Each Film-Coated Tablet Contains:

Fexofenadine Hydrochloride USP    120mg

 

Composition:

Each Film-Coated Tablet Contains:

Fexofenadine Hydrochloride USP    180mg

 

DESCRIPTION

Faxoday 120: Blue colored, film coated caplets plain on both sides.

Faxoday  180: Orange colored, film coated caplets plain on both sides.

 

ACTION AND PHARMACOLOGY

Fexofenadine hydrochloride, the major active metabolite of terfenadine, is an antihistamine with selective H1-receptor antagonist activity.

Pharmacology:  Fexofenadine hydrochloride blocks action of histamine and displaces histamine from the H1 receptor. Antihistamines bind to H1 receptors and prevents histamine from eliciting allergic reactions.

 

PHARMACOKINETICS

Fexofenadine hydrochloride is rapidly absorbed into the body following oral administration, with Tmax occurring at approximately 1-3 hours post dose. Fexofenadine is 60-70% plasma protein bound.

Fexofenadine undergoes negligible metabolism (hepatic or non-hepatic), as it was the only major compound indentified in urine and faeces of animals and men. The plasma concentration profiles of fexofenadine follow a bi-exponential decline with a terminal elimination half-life ranging from 11 to 15 hours after multiple dosing.

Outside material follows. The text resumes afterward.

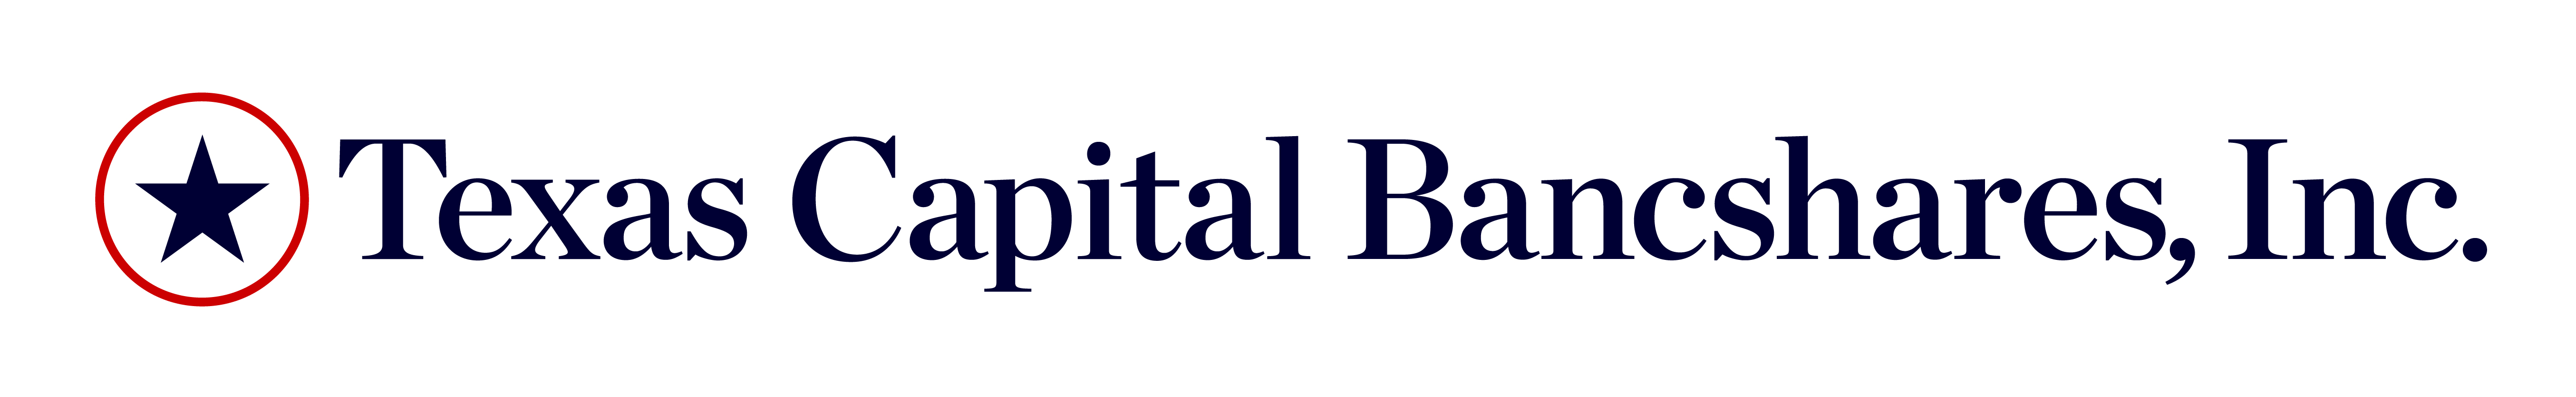 Texas Capital Bancshares, Inc. Announces Quarterly Dividend
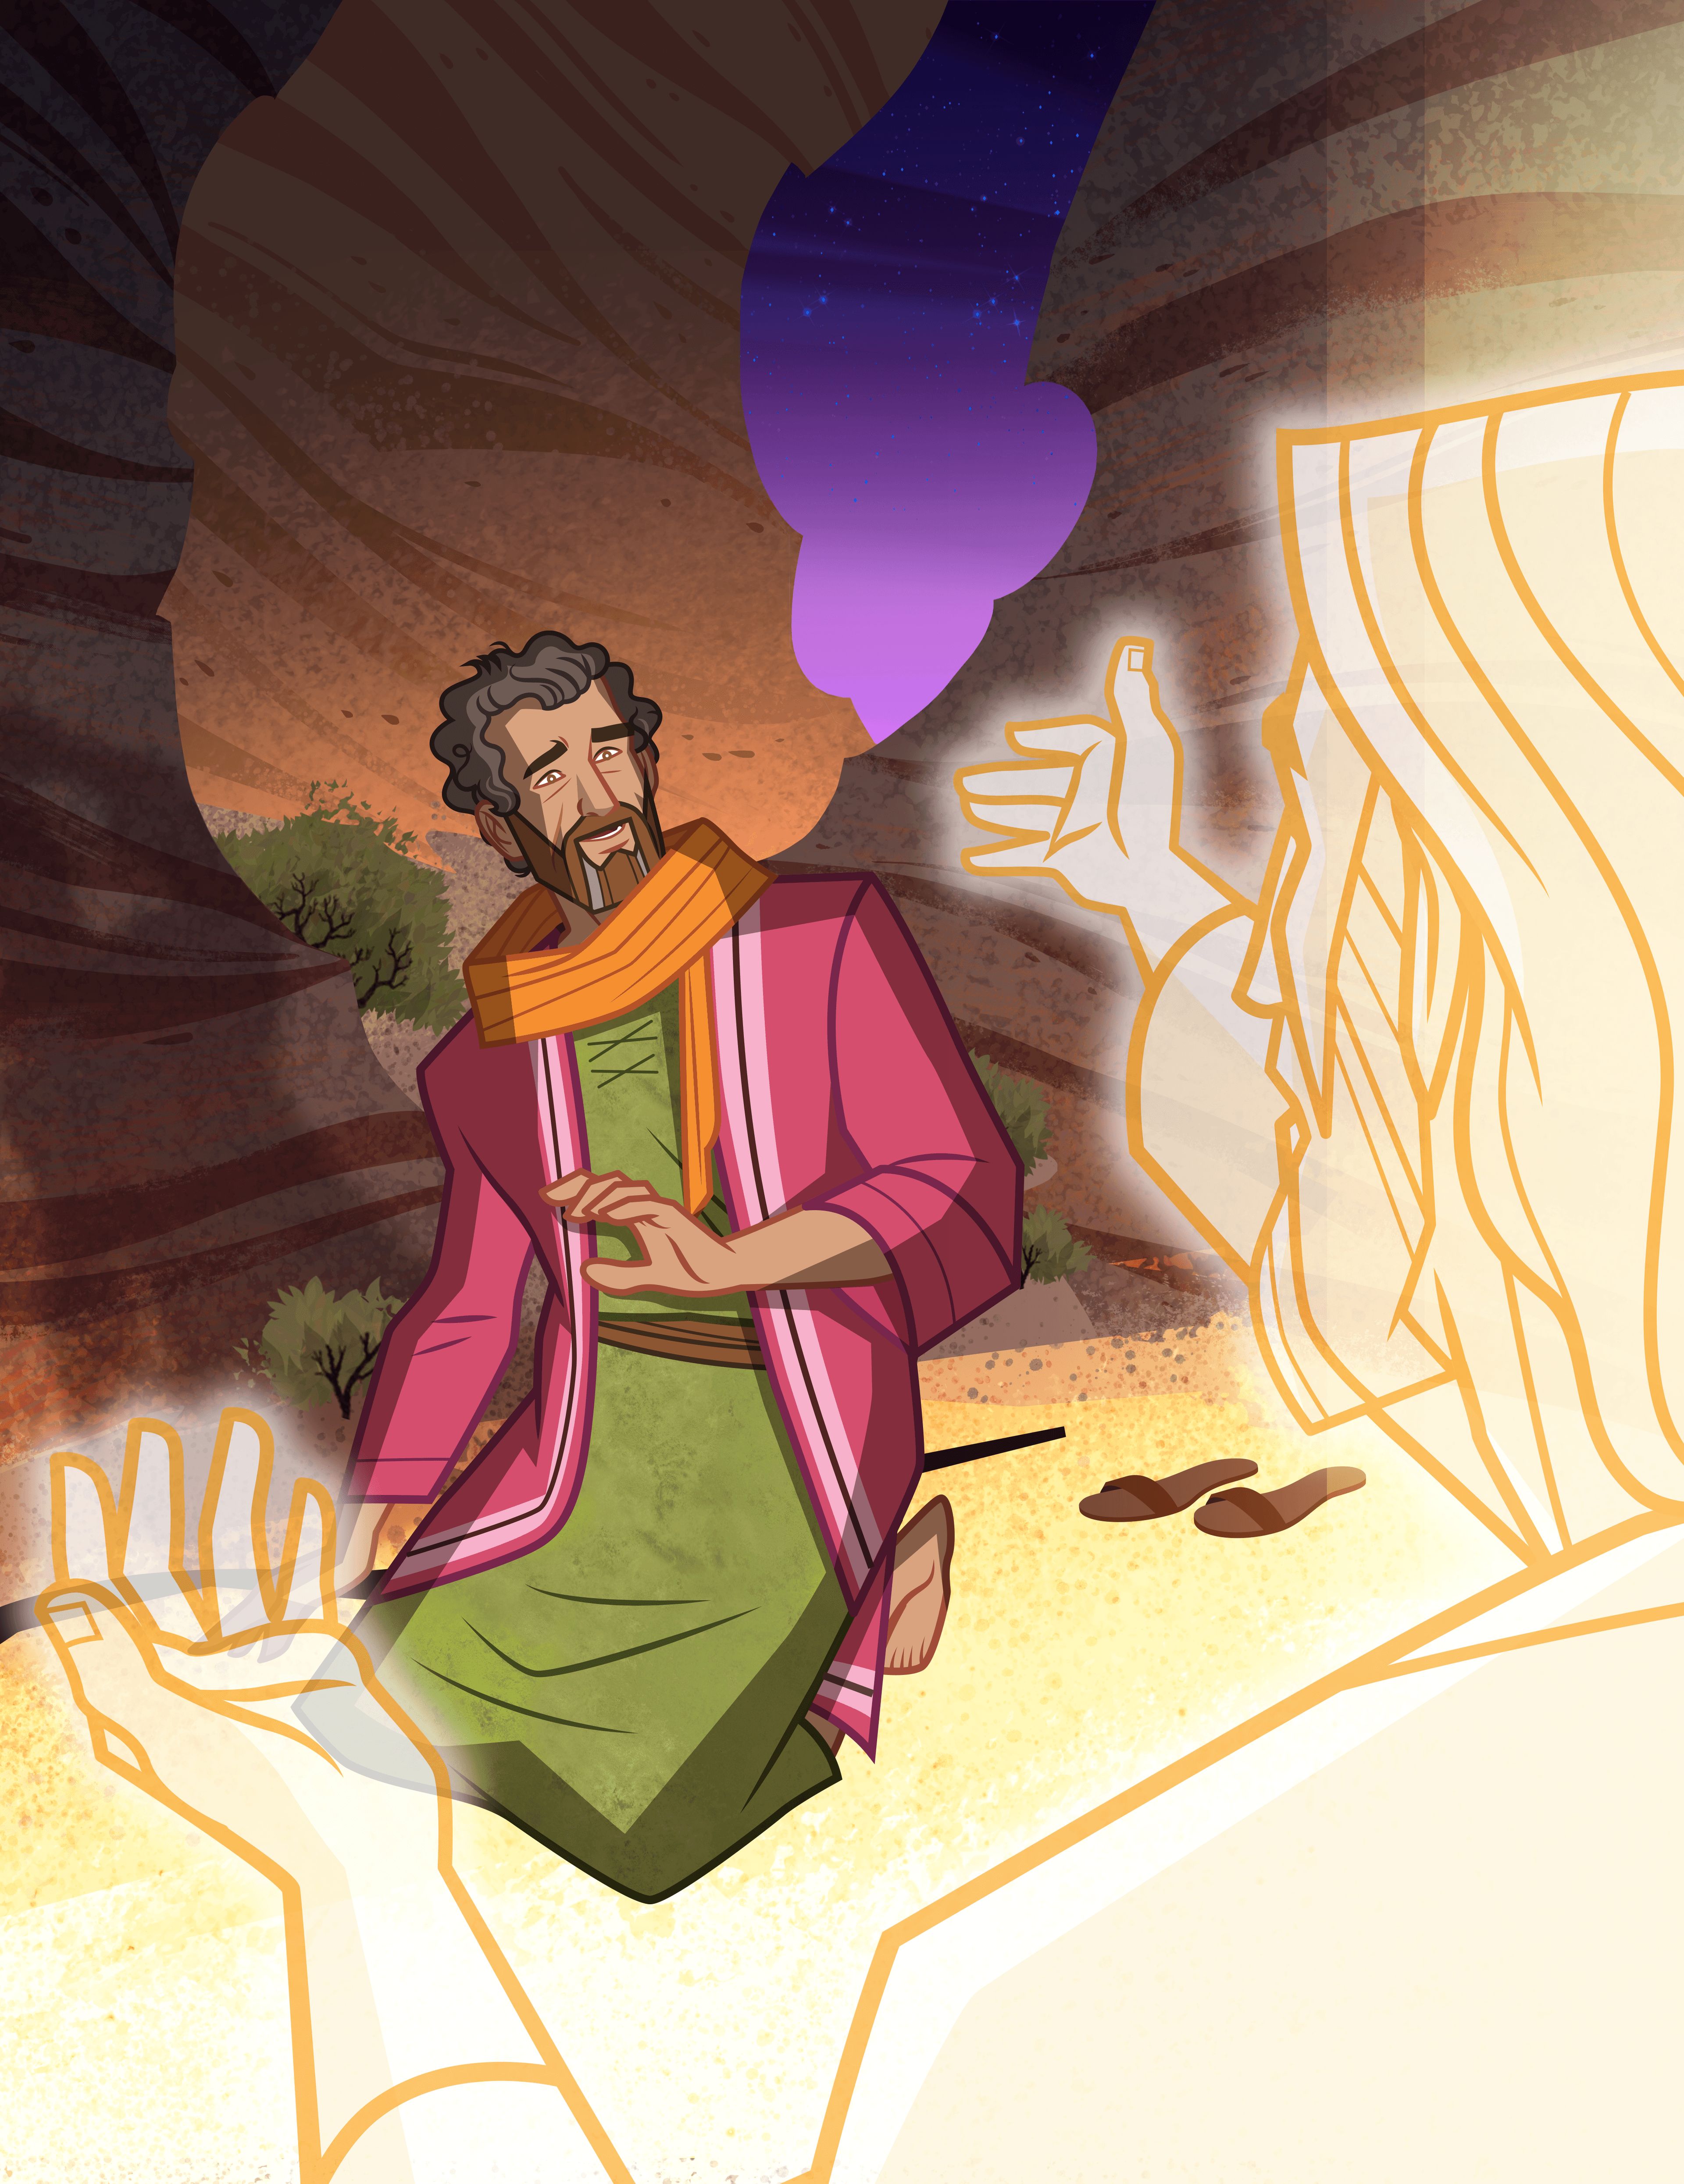 Иллюстрация на обложке книги «Истории из Священных Писаний: Ветхий Завет». На ней изображено, как Иегова является Моисею на горе Синай.

The major route of elimination is believed to be via biliary excretion while up to 10% of ingested dose is excreted unchanged through the urine.

 

INDICATIONS

Relief of symptoms associated with chronic idiopathic urticaria.

 

DOSAGE

Adults

The recommended dose of fexofenadine hydrochloride for adults is 120 mg/180mg once daily taken before a meal.

The recommended dose of fexofenadine hydrochloride for children aged 12 years and over is 120mg/180mg one daily taken before a meal.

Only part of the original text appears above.